Hibiscus Tacos
Ramiro Berrelleza presents an interesting take on the taco with his Hibiscus Taco recipe in the CNCF Cookbook. Hibiscus looks good in your hair or in a cup of tea, but it also happens to make a delicious taco.
Ramiro BerrellezaOkteto
Ingredients
- 1/2 cup of dry hibiscus flowers (you can get them at any Mexican or Arab market)
- 1/2 pound of queso fresco (or mozzarella cheese; anything that melts is good)
- 1 package cream cheese
- fresh tortillas (buy the good stuff at the same place where you get the hibiscus flowers)
- 2 tablespoons of canola or peanut oil
For the green salsa
- 1 pound of tomatillos, roughly chopped
- 1 jalapeño pepper, roughly chopped
- 1 bunch of cilantro
- 1 clove of garlic
- 1/2 white onion
- 2 tablespoons of white vinegar
- salt
- pepper
Directions
- Put the dry hibiscus flowers in a bowl of water and let them hydrate for 30 minutes.
- While the hibiscus hydrates, prepare the salsa.
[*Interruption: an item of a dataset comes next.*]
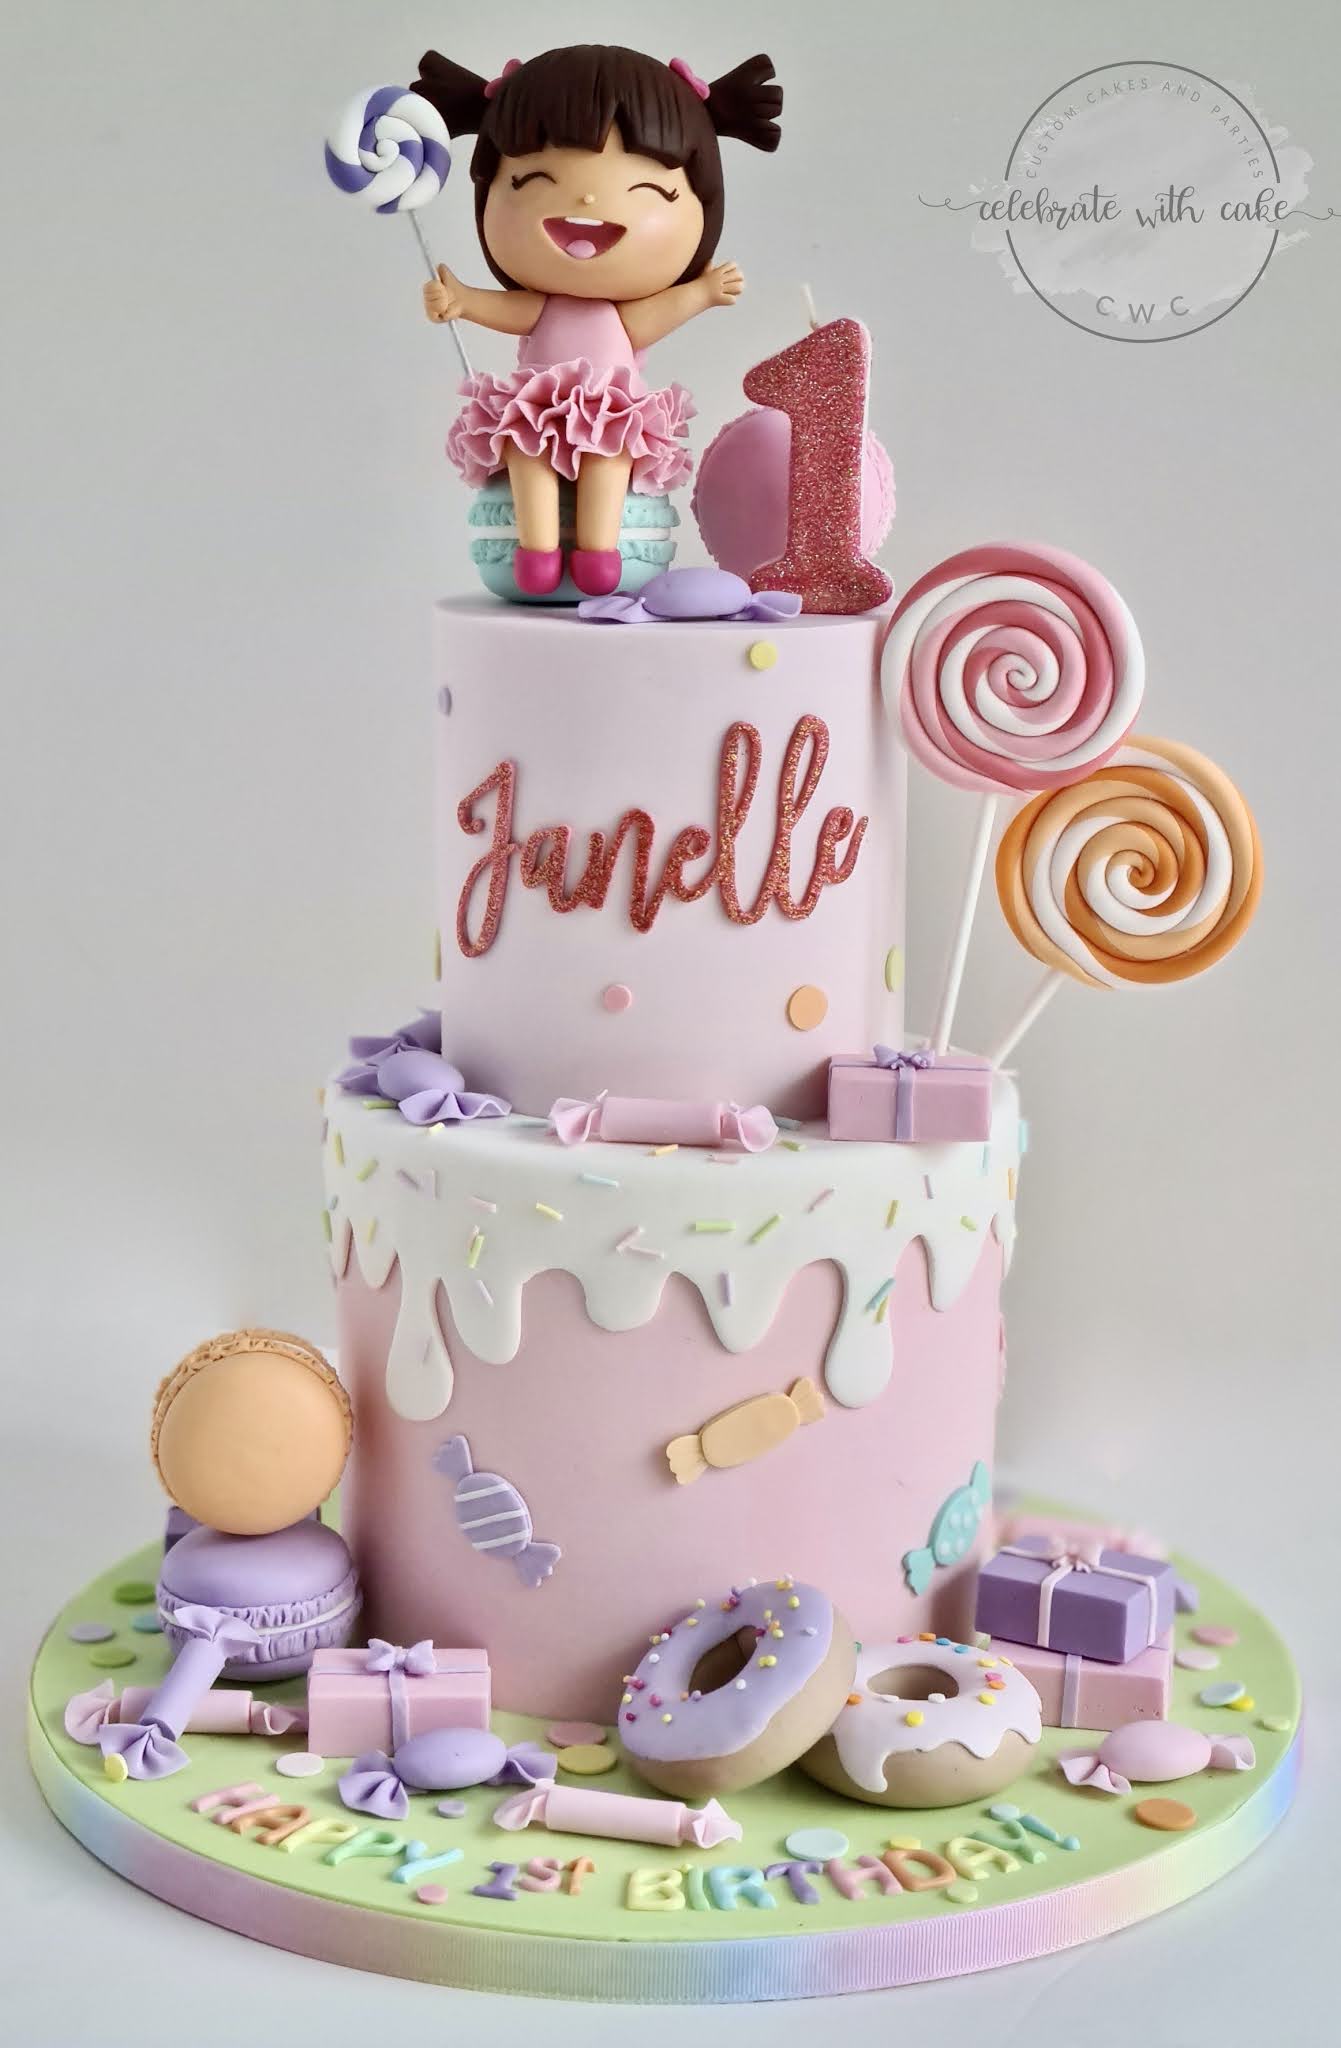 Celebrate With Cake!: Girl In Candyland 1St Birthday Two Tier Cake

Throw everything in a food processor, and pulse for a couple of minutes until thoroughly chopped. If the sauce is too thick, put in a tiny bit of water. Add salt and pepper to taste.
- Cut the cream cheese into little squares, and throw it in a small saucepan. Simmer it on medium heat until it softens. It’ll take 5 minutes or so. Throw in the queso fresco, and keep it on low heat while you finish. You want to keep it there until you serve it.
- Take the hibiscus flowers out of the water, and dry them well with a couple of paper towels.
- In a frying pan, heat two tablespoons of canola oil. Once it starts smoking, throw in the hibiscus flowers until they get crunchy. It’ll take a minute or two, so watch out!
- Heat the tortillas.
- When you’re ready to serve, bring the tortillas, the cheesy mixture, the hibiscus flowers and the green salsa to the table.
- To serve, grab a tortilla. Spread a good portion of the cheesy mixture into it, and top it with the hibiscus flowers and the green salsa.